Acermi, BBCA, BiodiverCity, Biosourcé, BREEAM, CSTBat, Eco Artisan, Effinergie, Habitat et Environnement, Leed, Minergie, NF HQE, Passivahaus, Qualitel, Well… Citer les quelque 4 000 normes se rapportant au bâtiment serait fastidieux et tiendrait de la liste de Prévert, mais le Grenelle de l’Environnement, la Cop21 et l’Accord de Paris ont fortement favorisé la multiplication des certifications, qui sont pour près de 98 % d’entre elles d’application volontaire et résultent d’une stratégie. Une trinité se détache néanmoins : HQE, BREEAM et Leed.

Outre les questions de chauvinisme, entre la norme française HQE, l’anglaise BREEAM et l’américaine Leed, il y a, bien sûr, le souhait d’attirer des entreprises internationales dans les bureaux. HQE se focalise sur l’éco-construction, l’éco-gestion, le confort et le santé et permet de bénéficier des labels d’Etat de HPE (haute performance énergétique) et BBC (bâtiment basse consommation) ; délivré par Certivéa, il est bien plus cher que celui de ses concurrentes, un coût à relativiser par rapport aux coûts d’investissements mobilisés sur ces projets.

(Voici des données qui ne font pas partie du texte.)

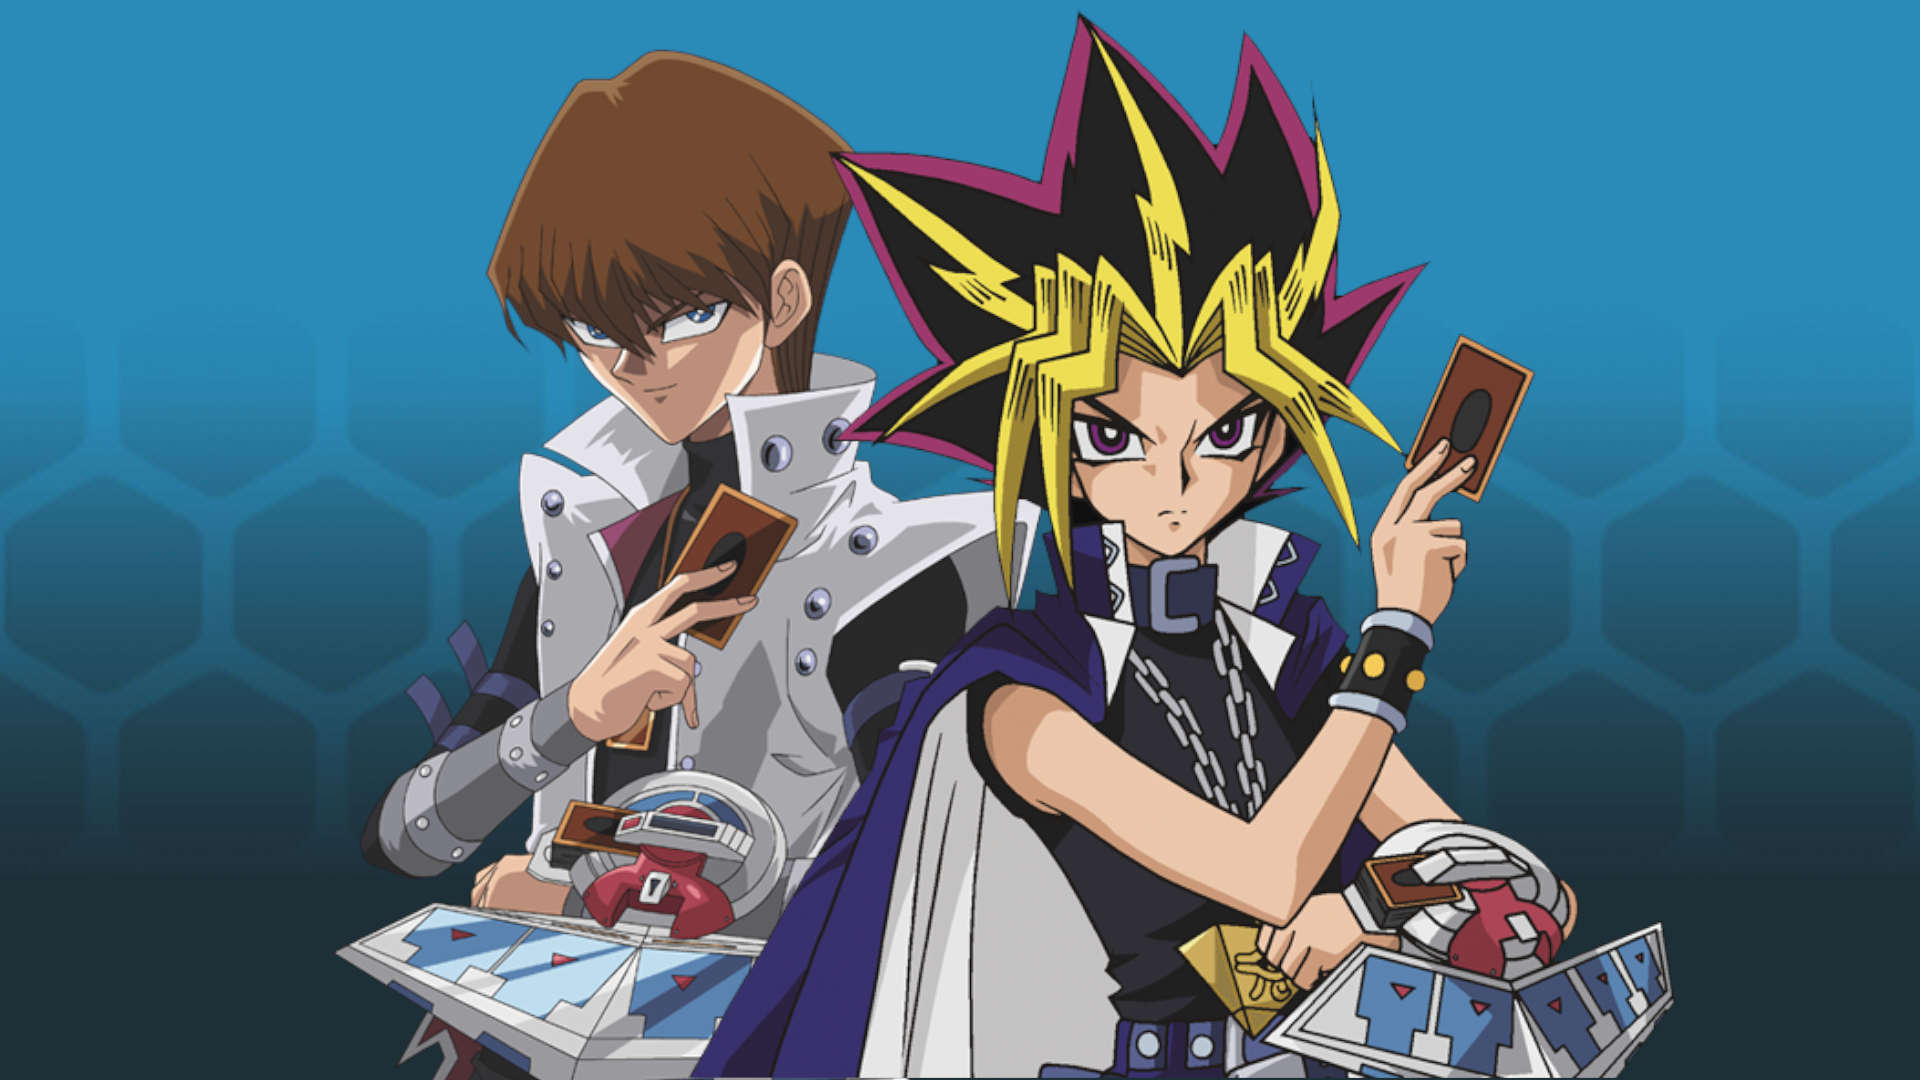 So we are getting this. Is this even real? : r/yugioh

BREEAM se focalise, quant à elle, sur 10 thématiques environnementales, rend obligatoire le recrutement d’un écologue et a pour elle un process de certification allégé et un coût bas. Quant à Leed, encore timide dans l’Hexagone, elle a pour elle une saisie du dossier simple sur une plate-forme en ligne, mais a contre elle des références, des normes et des produits peu reconnus en Europe, tout en rendant incontournable le « commissioning » : ce processus d’assurance de la qualité, qui s’étend sur toute la durée des étapes de développement, réalisation, mise en service et exploitation du bâtiment, est un pré-requis pour l’obtention de la certification. Les sujets traités par ces certifications étant les mêmes, les acteurs de l’immobilier choisissent de plus en plus souvent la triple certification.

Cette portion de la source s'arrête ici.